## SOURCE DATA
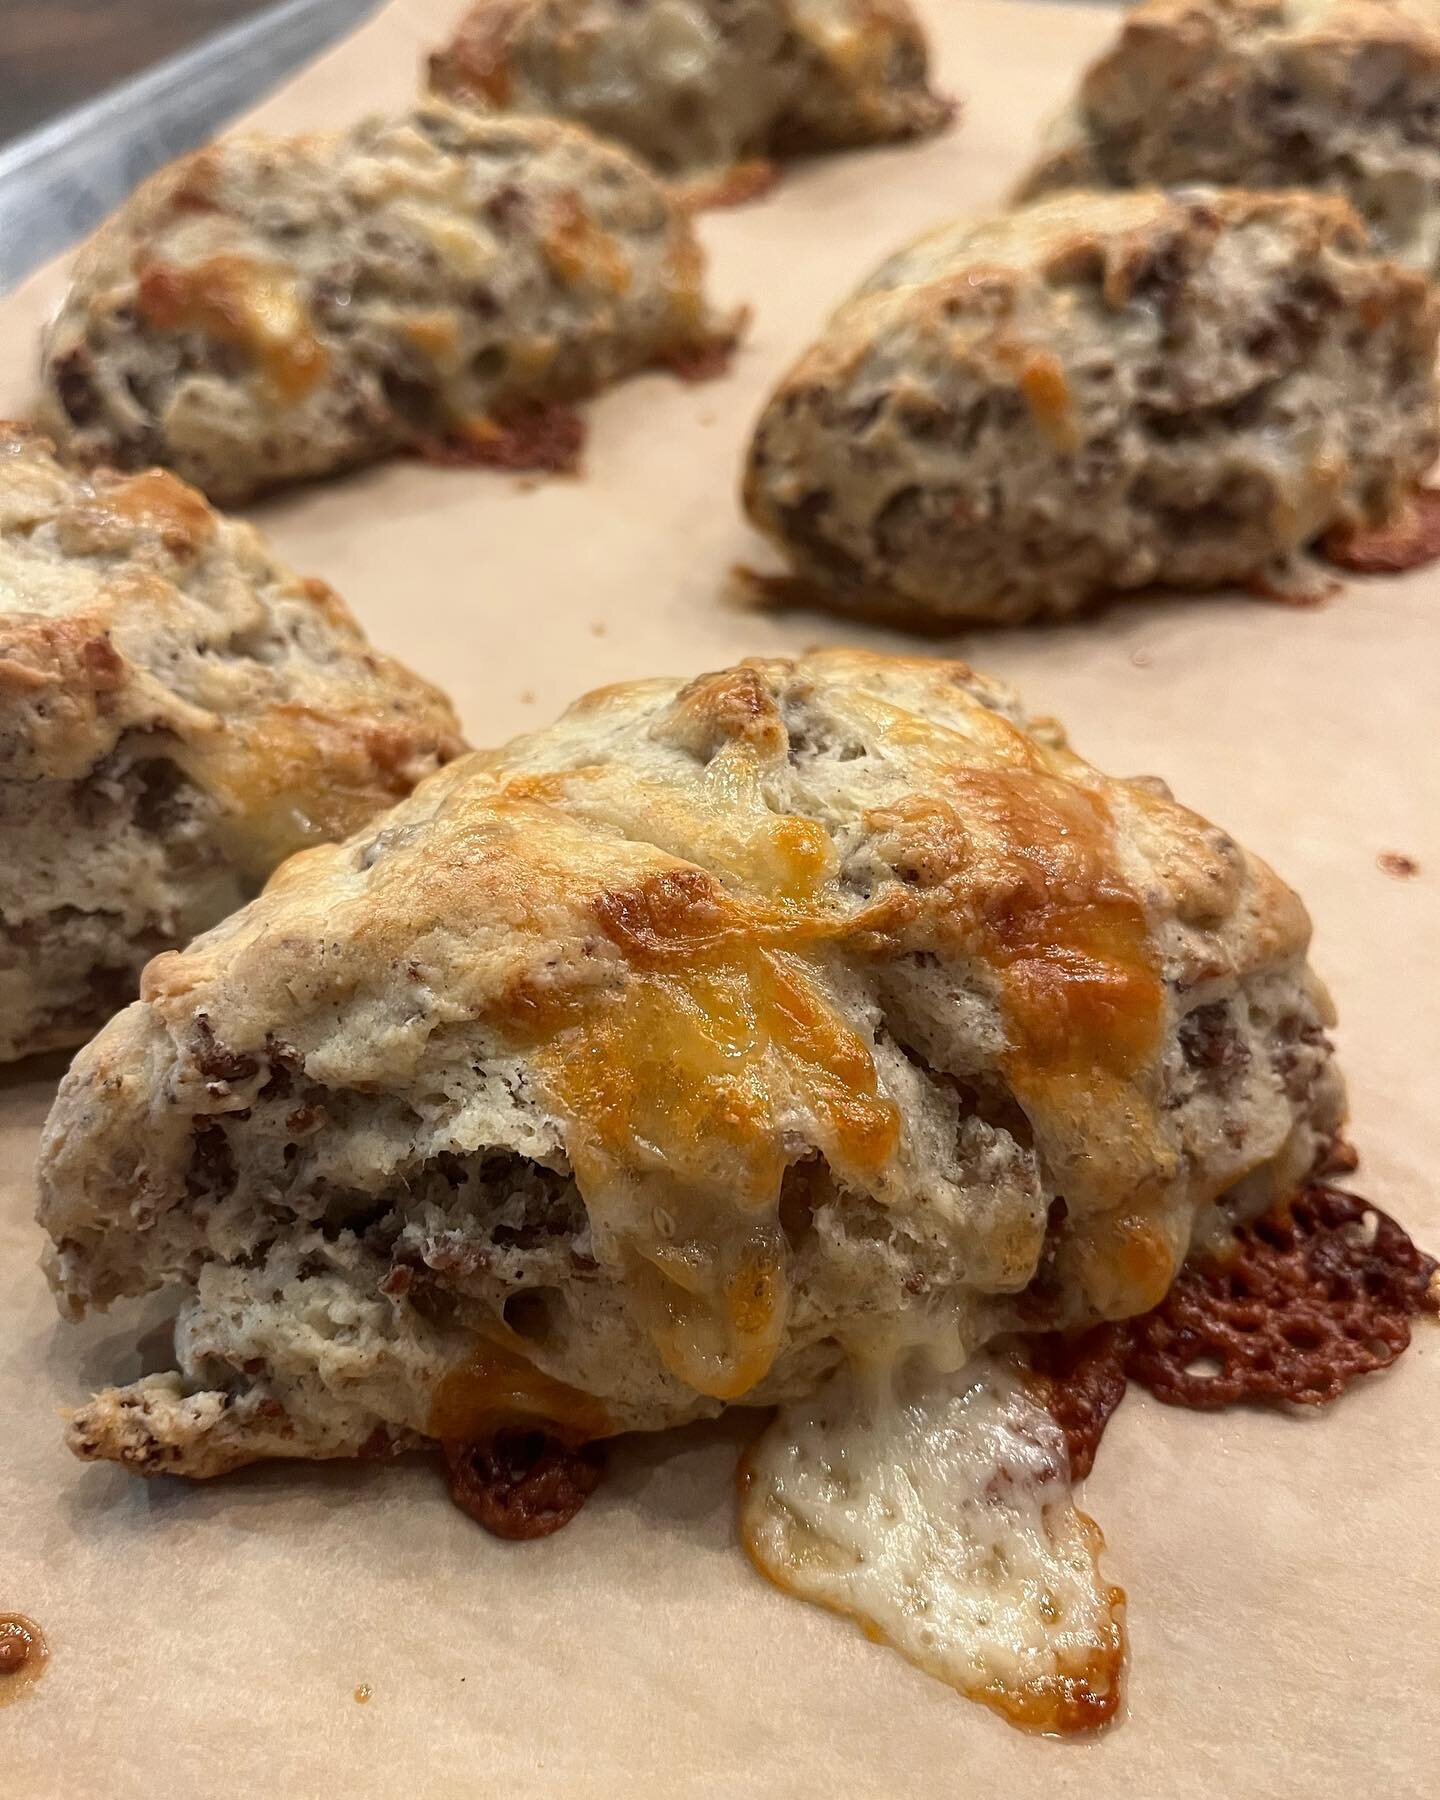 Our signature Sausage Sage &amp; Cheddar Scone reminds us of Sunday morning homemade biscuits and gravy. But this is the next level of breakfast perfection. 

Scones and Gravy 🫶

Try our (made from scratch) Sausage Sage &amp; Cheddar Scone smothered

## ASSIGNMENT
Reprint the listing above exactly, without images.

## RESULT
 Our signature Sausage Sage &amp; Cheddar Scone reminds us of Sunday morning homemade biscuits and gravy. But this is the next level of breakfast perfection. 

Scones and Gravy 🫶

Try our (made from scratch) Sausage Sage &amp; Cheddar Scone smothered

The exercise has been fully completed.